L’association Djoyoro Fa a organisé, samedi dernier, une conférence débat au Centre international de conférence de Bamako. On notait au présidium, la présence du président de l’association, Koniba Sidibé, de Younoussi Touré et d’Ibrahim Ag Oumarou. Le thème portait sur la question des minorités touareg et arabe dans une perspective historique et géostratégique. Pour Djoyoro Fa, le caractère récurrent et de plus en plus autonomiste de la rébellion dans les régions septentrionales du Mali impose une analyse de fond, quelques semaines après la chute du régime ATT, illustration des tensions sociétales profondes. A cet égard, indique Djoyoro Fa, une association dont la naissance résulte de la prise de conscience d’un groupe de Maliens de toutes origines, de toutes appartenances politiques et de tout statut social, de leur responsabilité collective et individuelle dans la situation que vit le Mali aujourd’hui, a le devoir d’apporter sa contribution à une meilleure compréhension des irrédentismes et rébellions récurrentes des populations d’origine arabo-berbères du Mali.
Les objectifs
Djoyoro Fa indique : ‘’ les objectifs de la conférence sont de traiter de la complexité des enjeux dans l’espace saharo-sahélien à la lumière des évolutions récentes qui ont précipité la région dans une crise profonde. L’apport des chercheurs et acteurs s’intéressant aux régions du Nord du Mali permettra de mieux comprendre ce qui se joue entre les différents acteurs de la région. Au cœur des conflits d’influence, les régions du Nord du Mali sont l’objet de revendications politiques par des groupes de Touareg depuis des décennies. L’espace saharo-saharien présente un grand intérêt géostratégique sur le plan des ressources naturelles et énergétiques qui y sont nombreuses et pour des pouvoirs en émergence, il est devenu une zone de trafic où s’exercent de nouvelles formes de domination contre lesquelles les Etats actuels semblent bien démunis’’
L’avenir de l’espace saharo –saharien, ajoute-t-elle, est en jeu tout autant que celui de l’Afrique de l’Ouest et des rapports avec l’Europe.
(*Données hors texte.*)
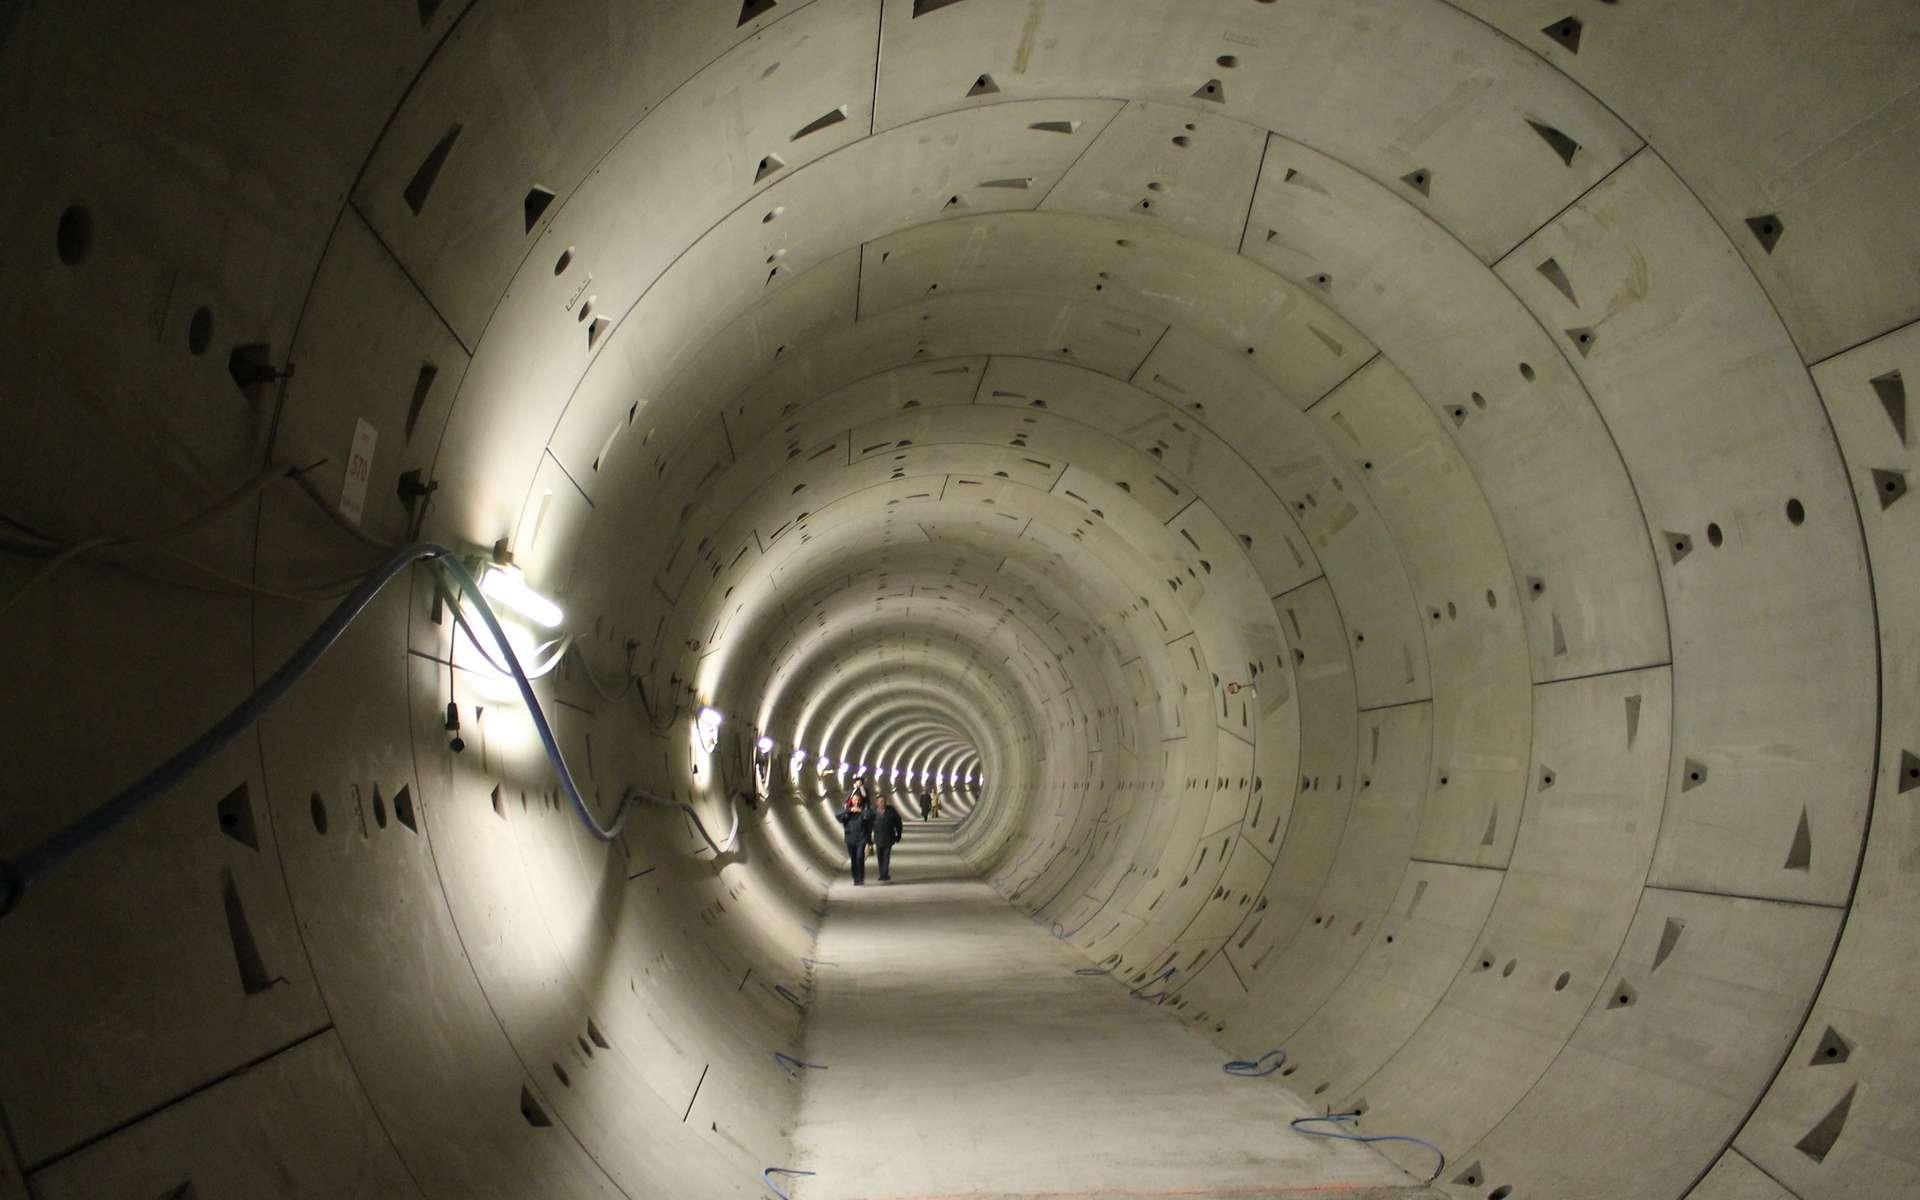 Les voussoirs sont assemblés en anneau pour soutenir la galerie du tunnel. © Draceane CC3.0

Elle déclare que celle-ci n’a pas su, empêtré dans les relations néocoloniales, construire de véritables politiques de coopération pour le développement avec les pays de la région. ‘’ Elle a même, souligne Djoyoro Fa, souvent contribué à ce que se maintiennent en place des régimes à la démocratie de façade, dont la légitimité est aujourd’hui faible, comme en témoigne le renversement rapide du président malien, les mouvements sociaux et de contestations qui s’expriment dans la région contre les mauvaises conditions de vie et la pauvreté. ‘’ L’association signale que dans le cadre de la crise du capitalisme mondialisé, les tensions sur l’accès aux ressources stratégiques augmentent et les rapports de domination prennent de nouvelles formes, bouleversant les modes de gestion du politique. L’association Djoyoro Fa estime que ces évolutions méritent d’être débattues. Elle note : ‘’ Au fil du temps, des coopérations se sont tissées entre le Nord et les coopérations décentralisées. L’insécurité dans les régions du Nord du Mali a mis un coup d’arrêt aux projets de développement. Mais les acteurs restent en contact souhaitant trouver les moyens de poursuivre ce qui a été commencé et de contribuer au retour de la paix dans la région. ‘’ La portée de la conférence consistait à dresser l’état des lieux de la situation en terme de sécurité, de crise humanitaire et politique pour mener avec les chercheurs, les élus et d’autres acteurs intervenant dans les régions du Nord du Mali, une réflexion critique sur les modes de gestion du politique dans un contexte de crise internationale profonde, la décentralisation, la réforme de l’Etat comme perspective de sortie de crise. L’association a fait remarquer qu’à la faveur des soulèvements qui ont eu lieu dans les pays du Maghreb et de l’Afrique du Nord, l’Occident porte une responsabilité particulière dans la déstabilisation de la région et la crise en cours au Mali, contrecoup direct de la guerre de l’Otan en Libye. Un sentiment anti-Occident et Cedeao gagne du terrain, surtout au Mali qui entre dans une transition fragile. Les contributions ont donc un rôle à jouer, a-t-elle soutenu, pour changer les perceptions et contribuer à une sortie de crise durable.